I say, "My point exactly."
As you may have gathered, I'm all about hope. It's my thing. And you know why?
For most of my life, I thought hope was a tease. Without recognizing the power of hope, my life was heavy. There was this emptiness that weighed and dragged me down every shuffling step I tried to take forward. I was taunted by it in my bleak reality that life as it was, was all there would ever be.
Sure I hoped it would get better. I hoped someone would swoop in, tell me I was amazing and take the reigns of my life to make something of me, instead of me having to do anything myself.
After years of self work and strengthening from the inside out, I started recognizing the power of hope as a tool to create change...
Unbridled hope can allow you to see what you truly want.
Hope peeks through the darkness in every situation if you allow it to. Every time you're "stuck," and you find yourself hoping that you'll get out somehow, hope becomes that doorway to finding your way in to the life you want.

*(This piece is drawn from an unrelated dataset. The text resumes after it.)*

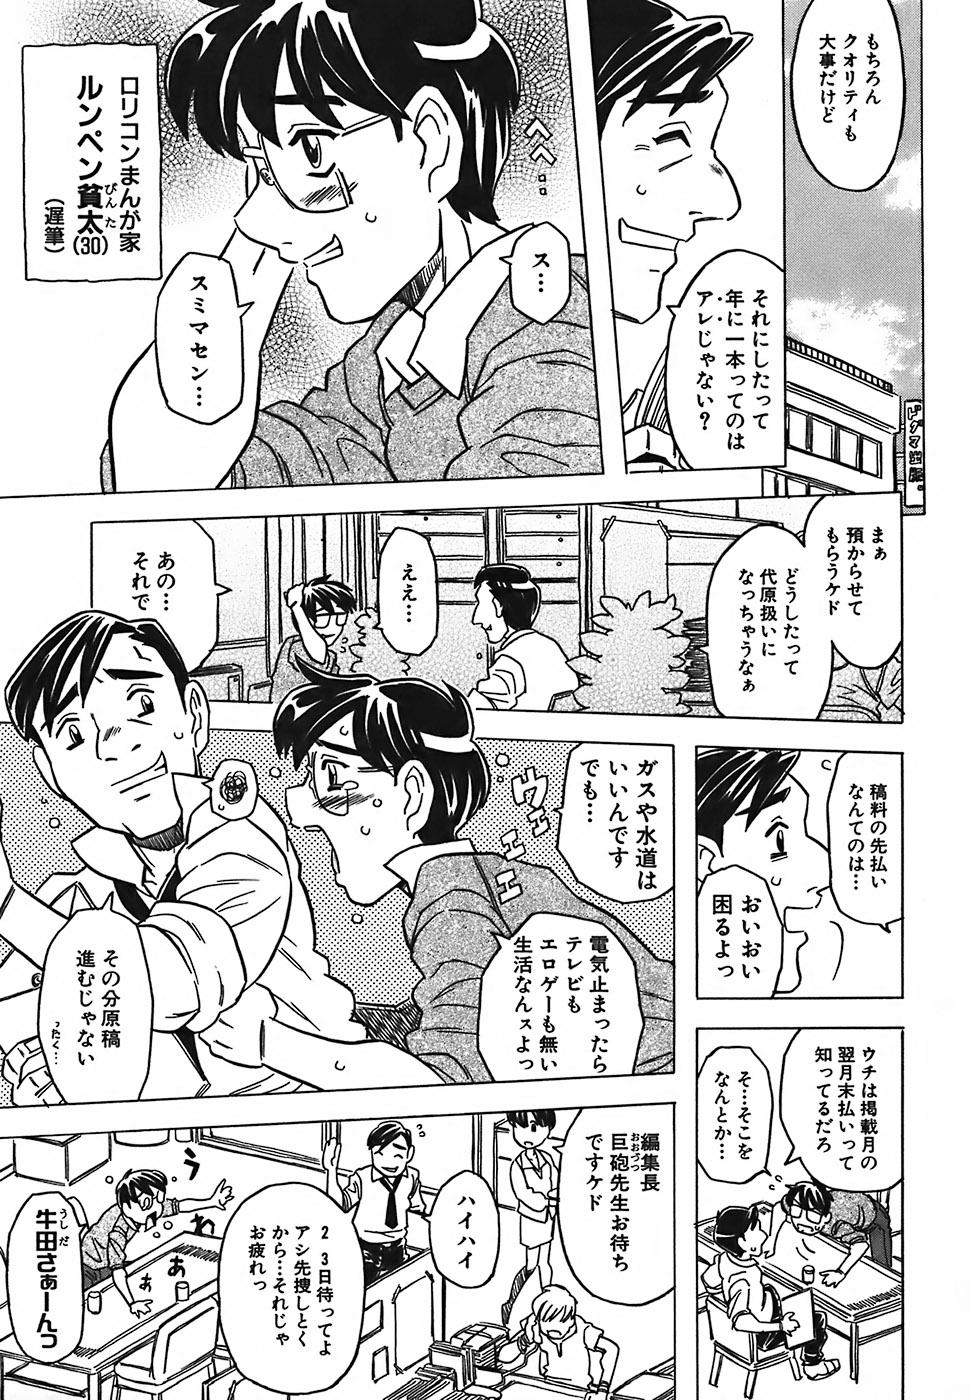 Tesao Cannon Sensei Tobashisugi Shesafreak - Page 9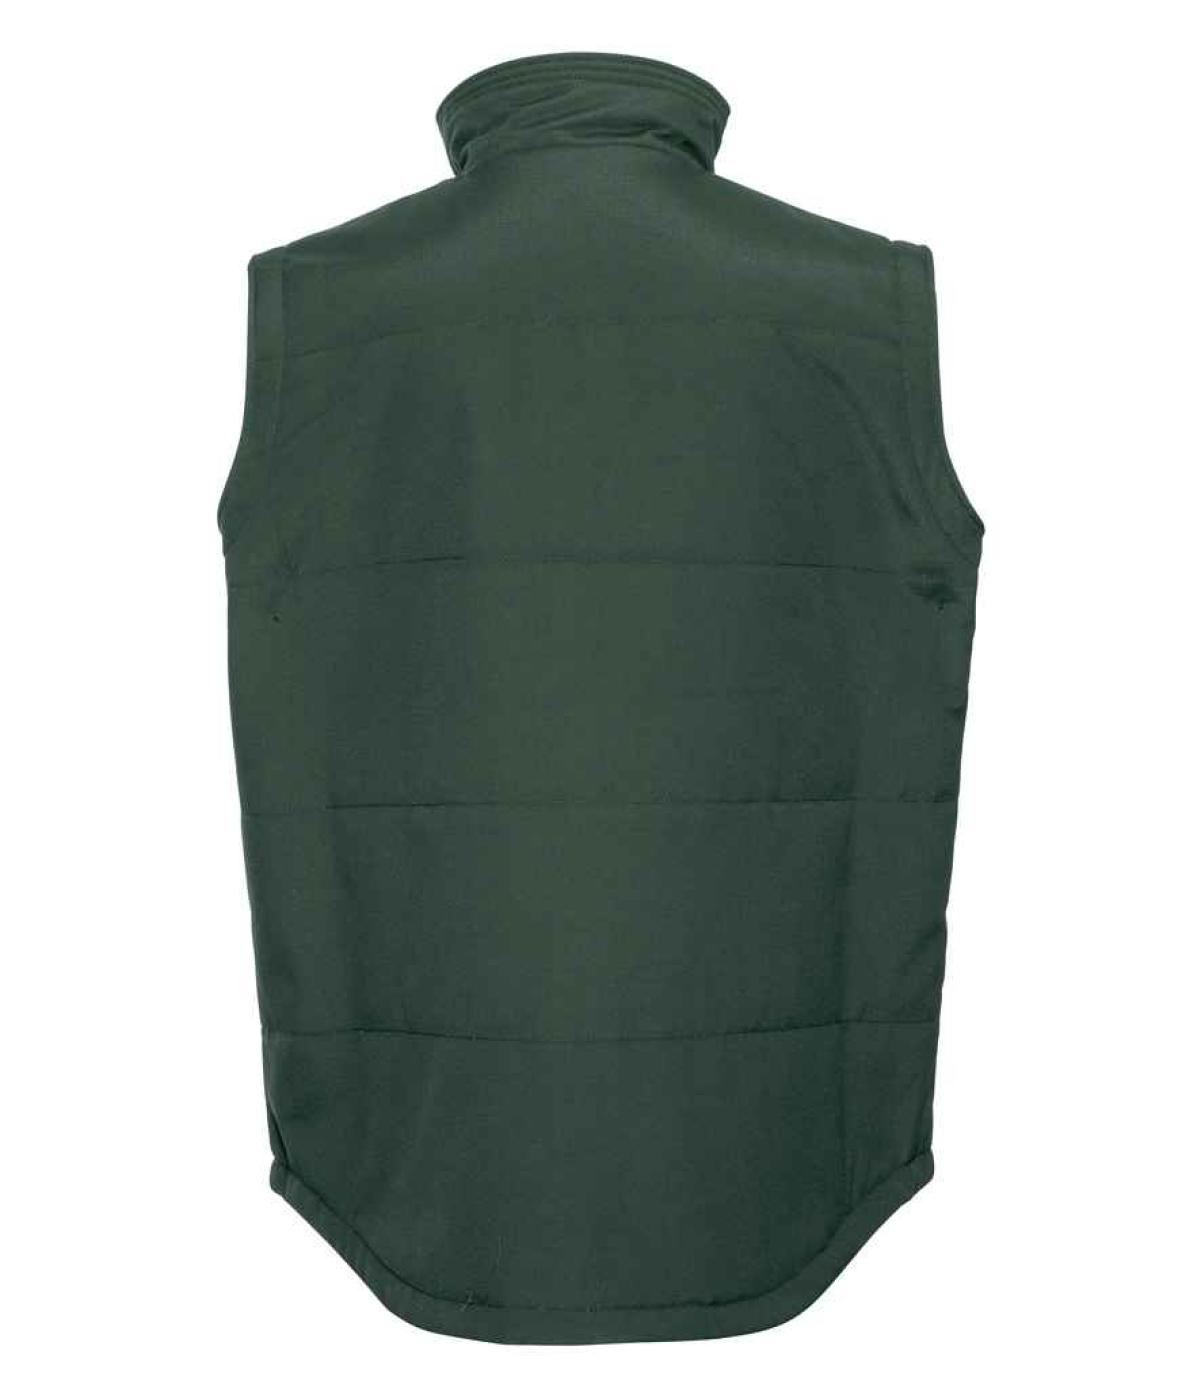 Russell Gilet - Bottle Green | Order Uniform UK Ltd

Caring about your hopes with every part of you can drive you to create them.
Instead of negating big dreams, I embraced them, and allowed hope to show me the way to action. Hope became that driving force to make my world what I wanted it to be. I've cried buckets when it hasn't worked out, but I've rejoiced more often when my dreams have been realized.
Repetitive hope episodes create a positive life perspective.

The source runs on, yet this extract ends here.